- **Directions for this task**
Reproduce the listing below exactly, minus its pictures.

***** Source material *****

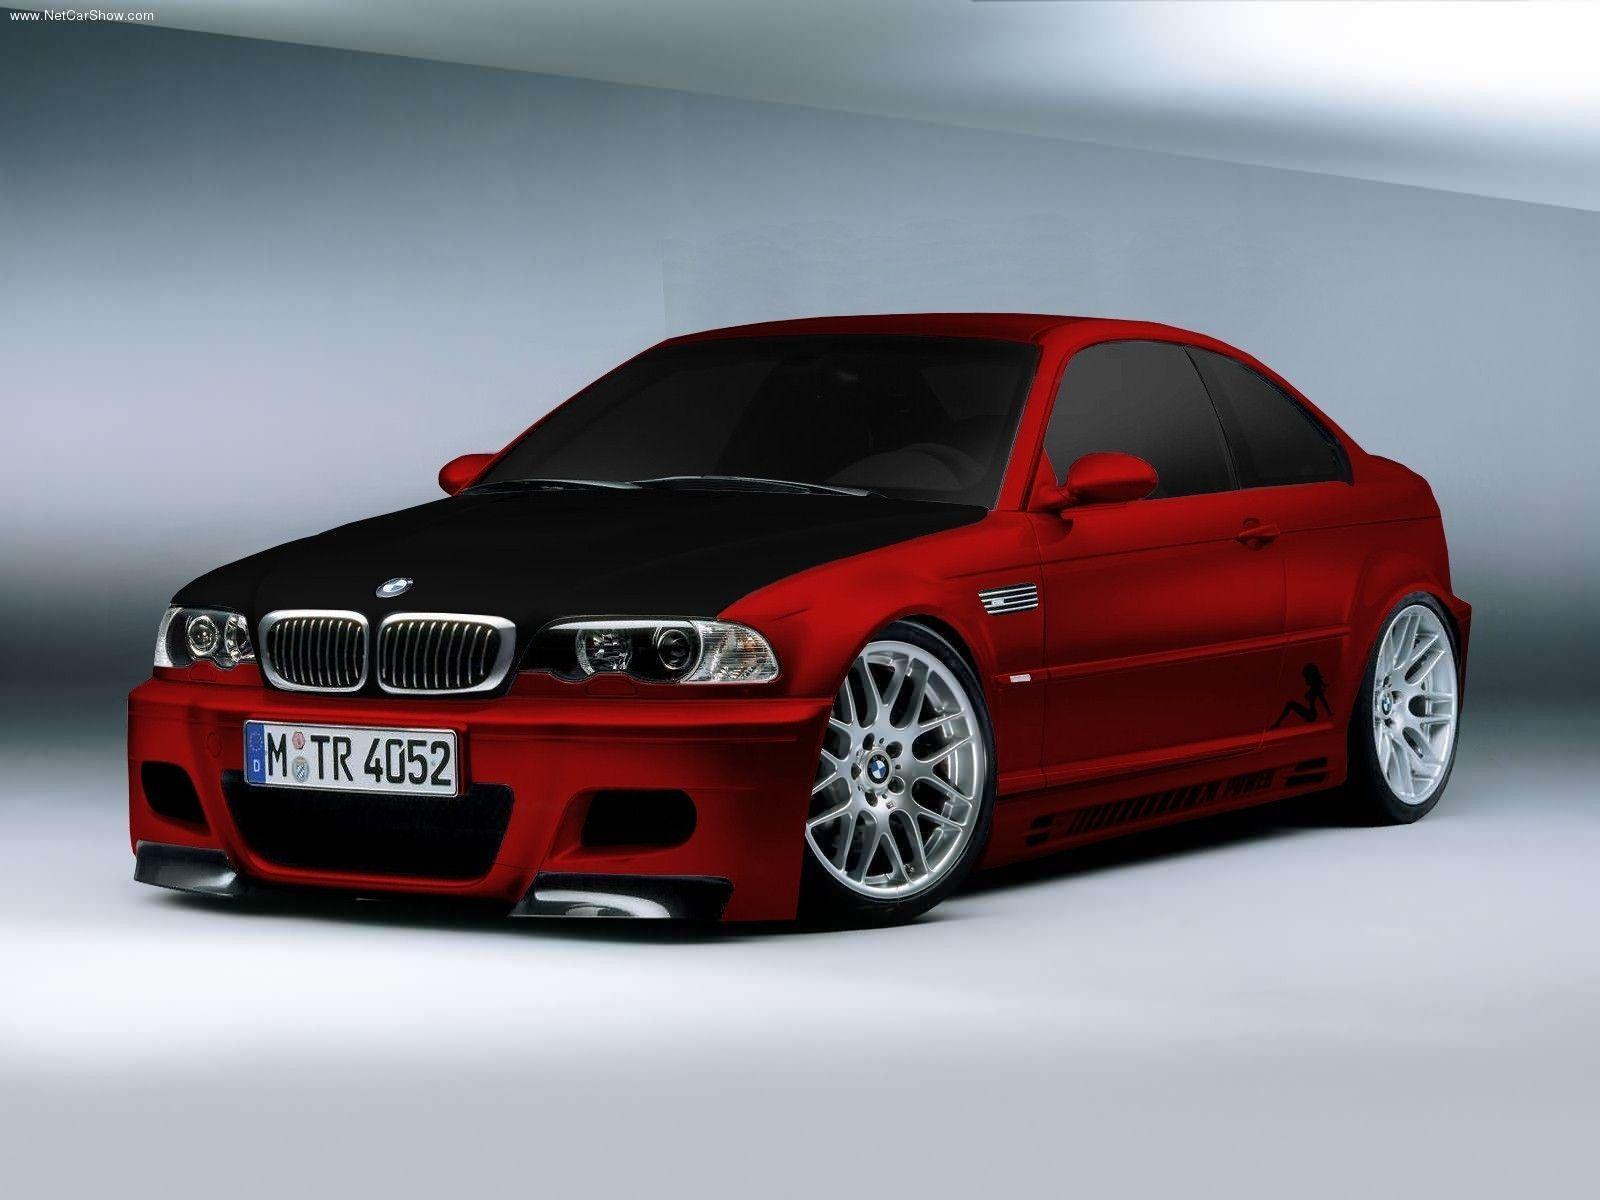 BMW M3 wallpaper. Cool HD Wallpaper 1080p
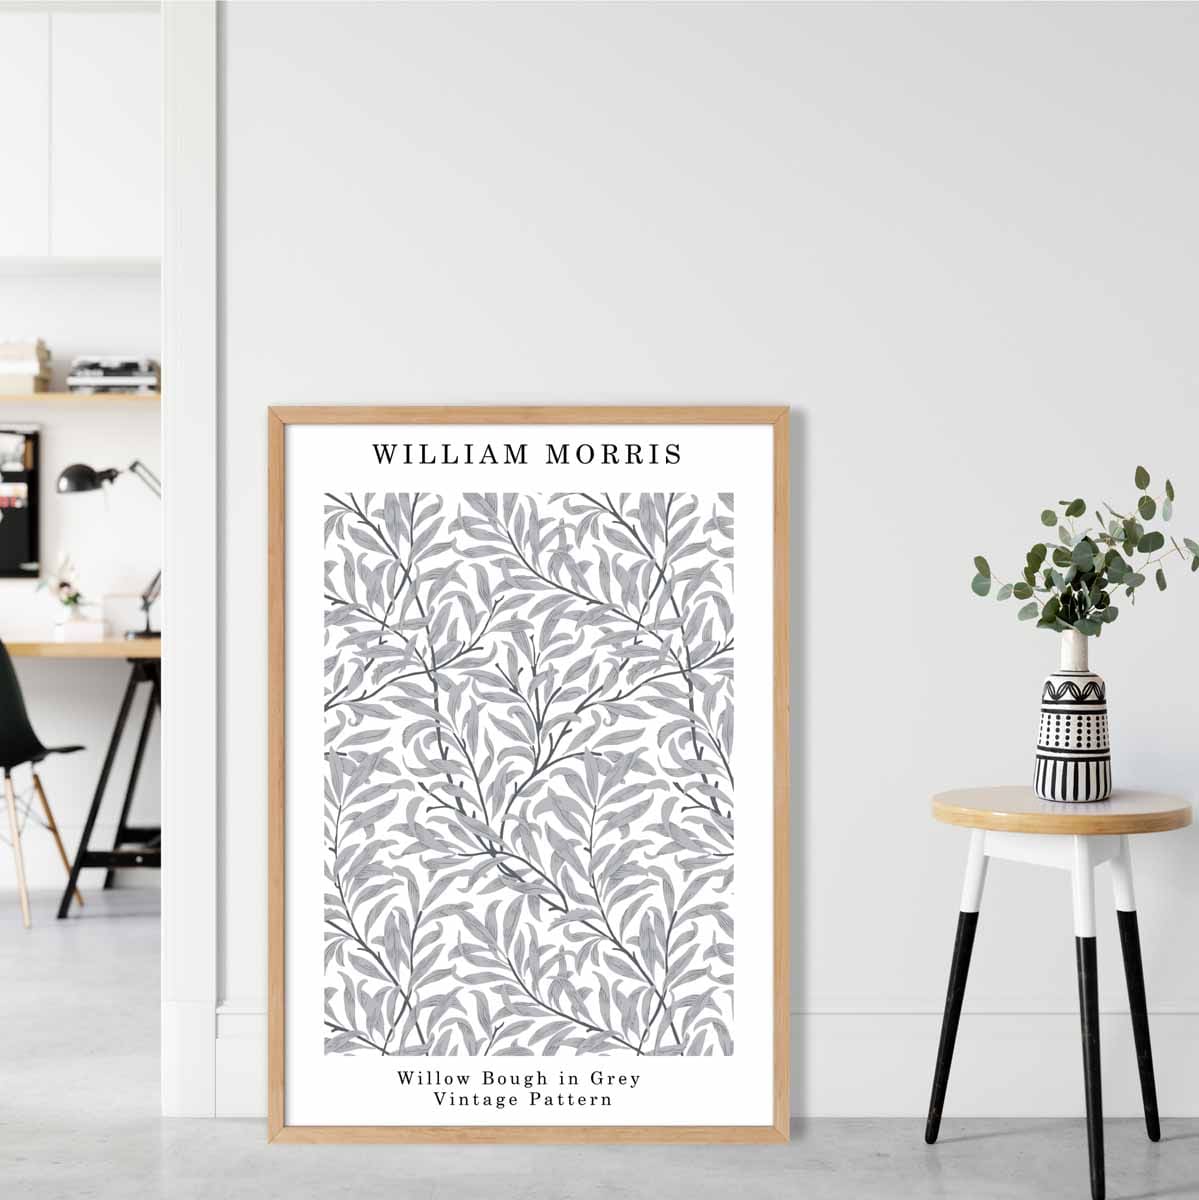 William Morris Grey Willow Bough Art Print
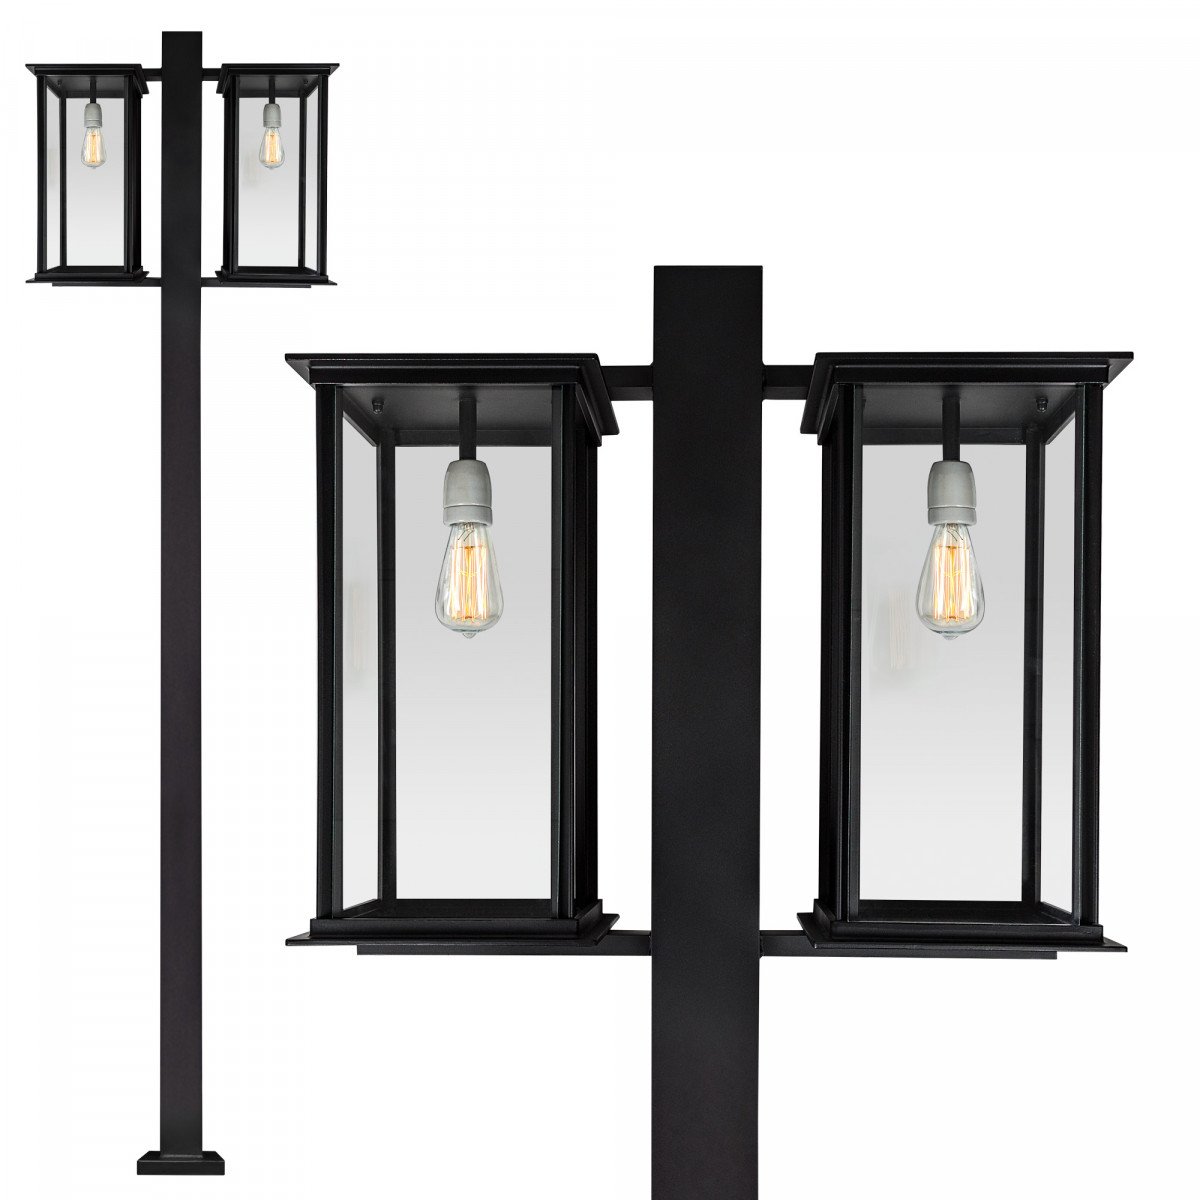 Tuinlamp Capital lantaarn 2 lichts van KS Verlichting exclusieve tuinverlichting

*****

- **Exercise response**
 BMW M3 wallpaper. Cool HD Wallpaper 1080p
 William Morris Grey Willow Bough Art Print
 Tuinlamp Capital lantaarn 2 lichts van KS Verlichting exclusieve tuinverlichting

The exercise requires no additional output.